American paleontologist, geologist, and author (born 1954)

Donald Ross Prothero (February 21, 1954) is an American geologist, paleontologist, and author who specializes in mammalian paleontology and magnetostratigraphy, a technique to date rock layers of the Cenozoic era and its use to date the climate changes which occurred 30–40 million years ago. He is the author or editor of more than 30 books and over 300 scientific papers, including at least 5 geology textbooks.

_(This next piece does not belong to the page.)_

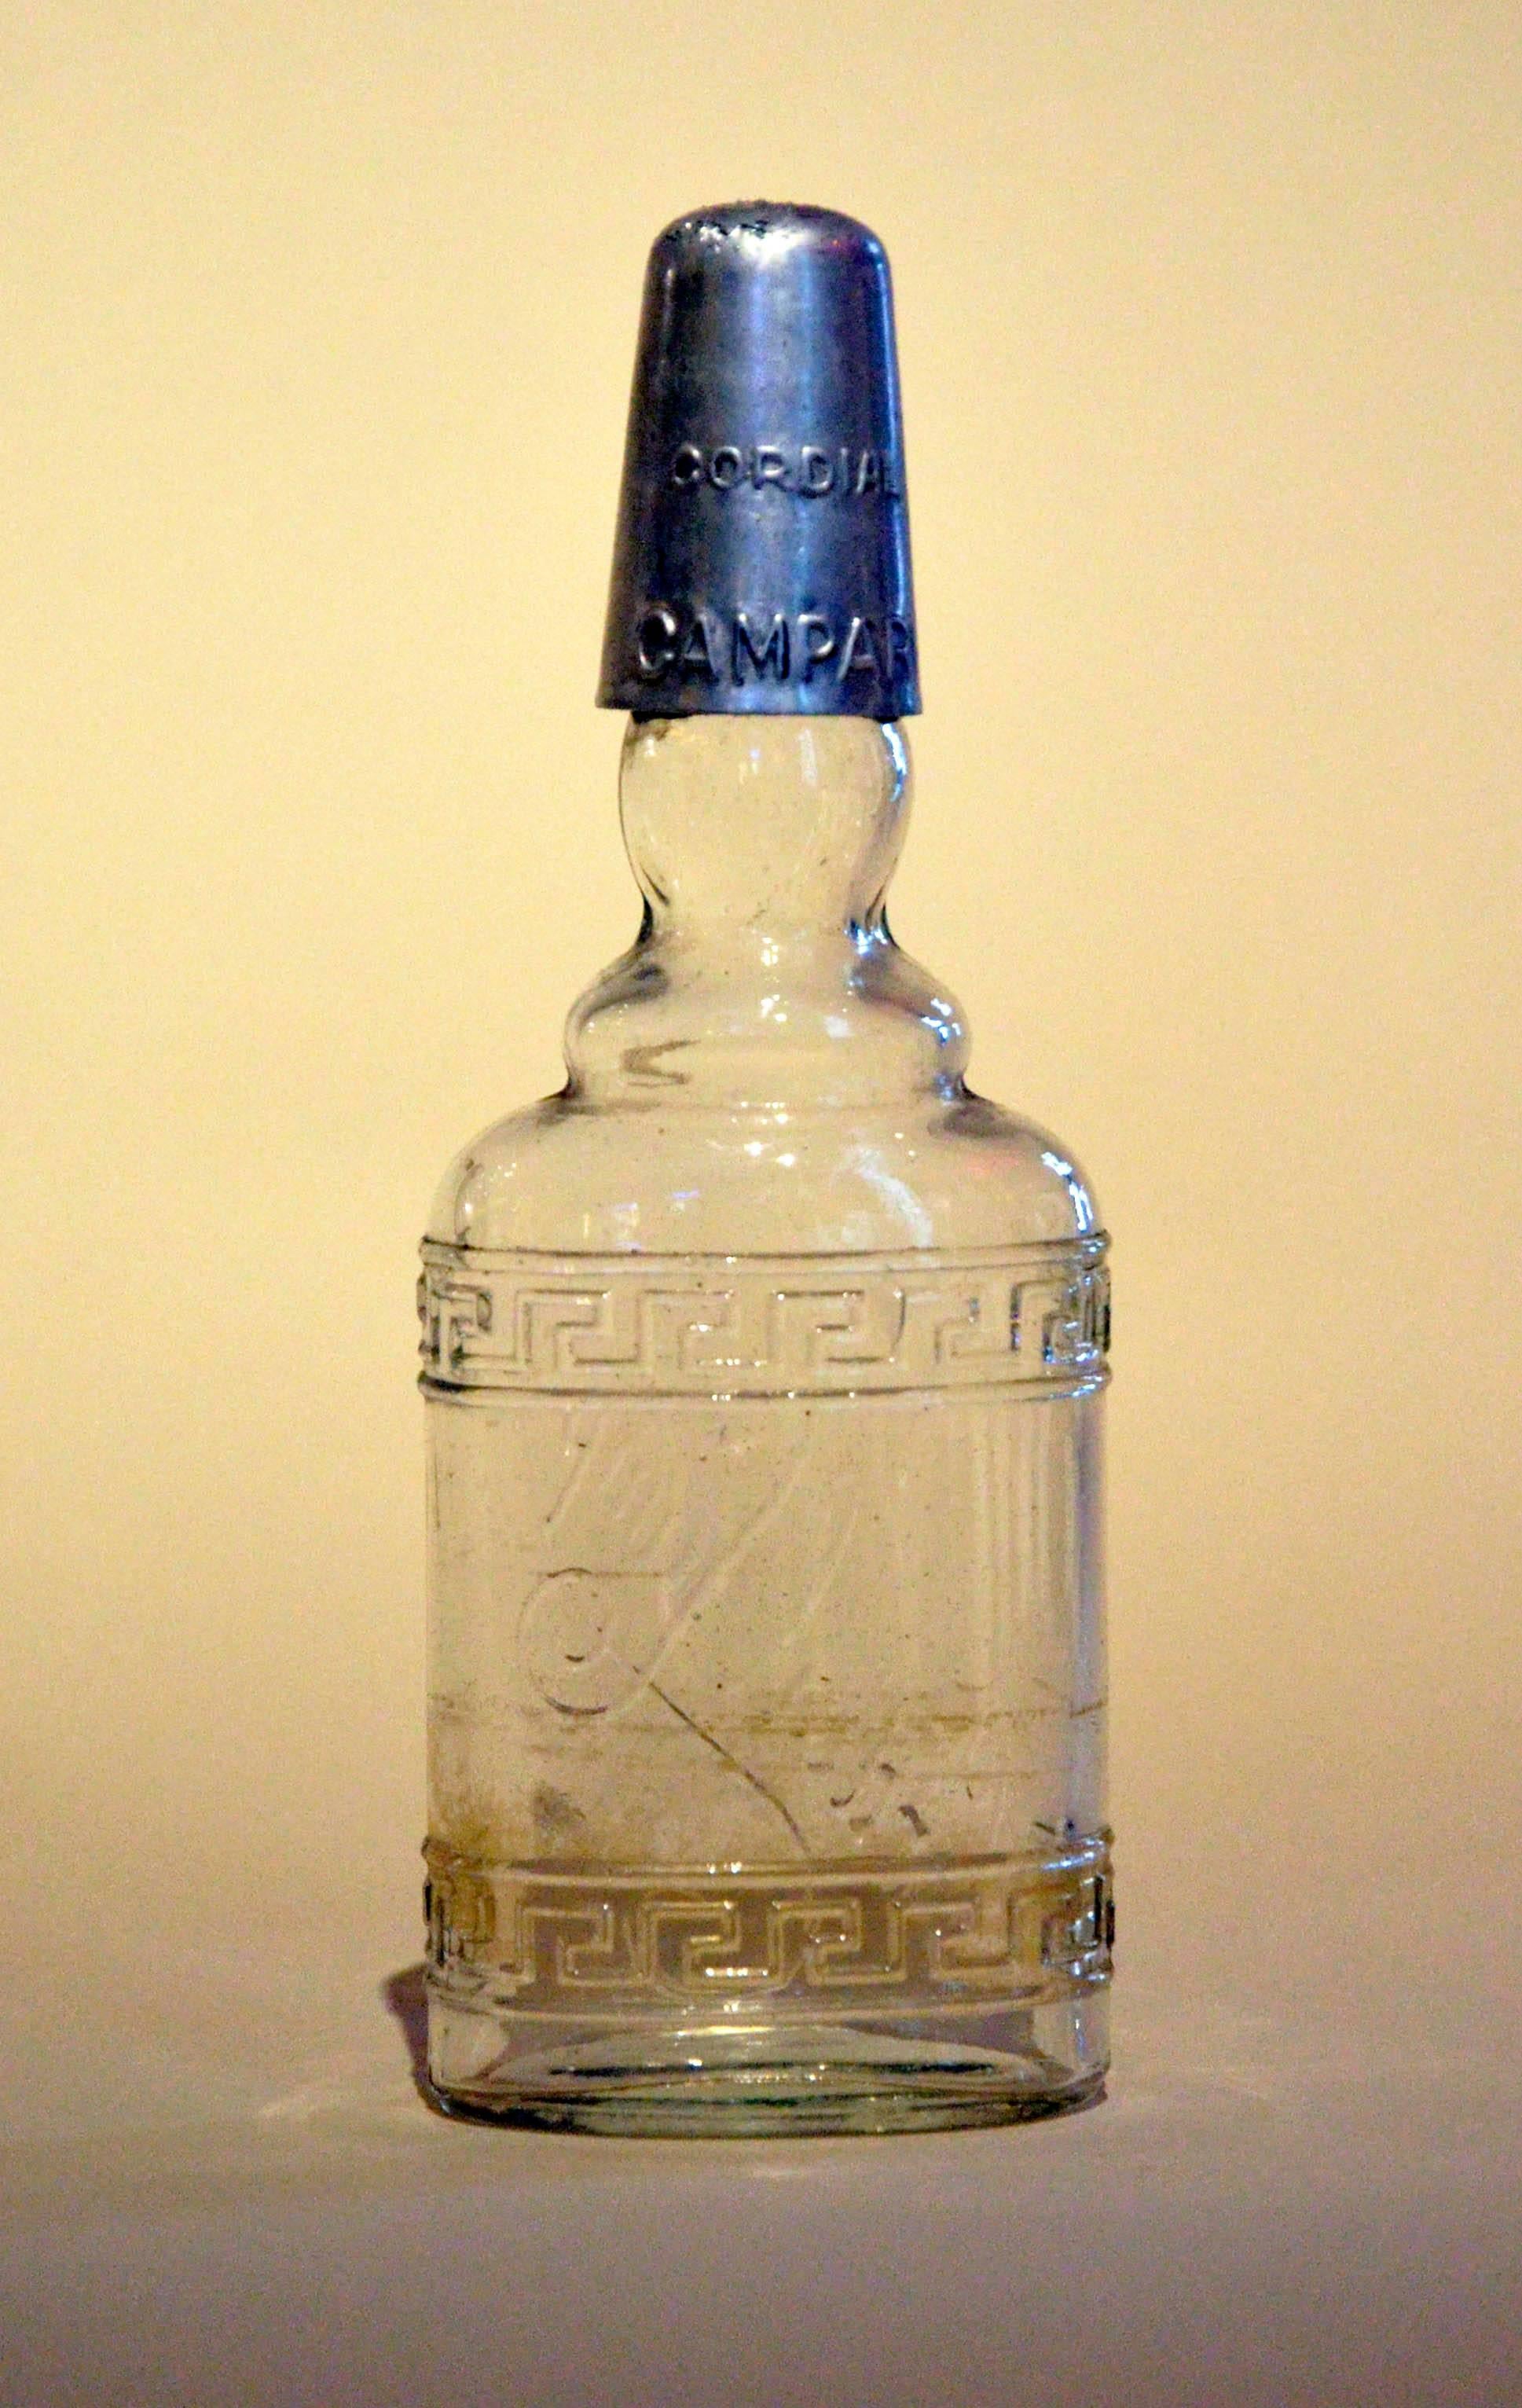 1950s Rare Vintage Italian Cordial Campari Glass Flask with Aluminium Cap 1

Stephen Jay Gould cited Prothero's research on the lack of response to climate change in mammals from the Eocene, Oligocene and Pleistocene epochs to support the punctuated equilibrium model of evolution. He called Prothero "the best punctuated equilibrium researcher on the West Coast".

==Biography==

Prothero grew up in the Glendale, California, area, the son of Clifford R. Prothero (1920–2004), a technical illustrator for Lockheed, and Shirley M. (McDonald) Prothero (1924–2016), an artist and homemaker. He attended the University of California, Riverside, where he studied paleontology under Dr. Michael O. Woodburne and Dr. Michael Murphy and earned Phi Beta Kappa during his junior year. He received his Ph.D. in geological sciences in 1982 from Columbia University, New York.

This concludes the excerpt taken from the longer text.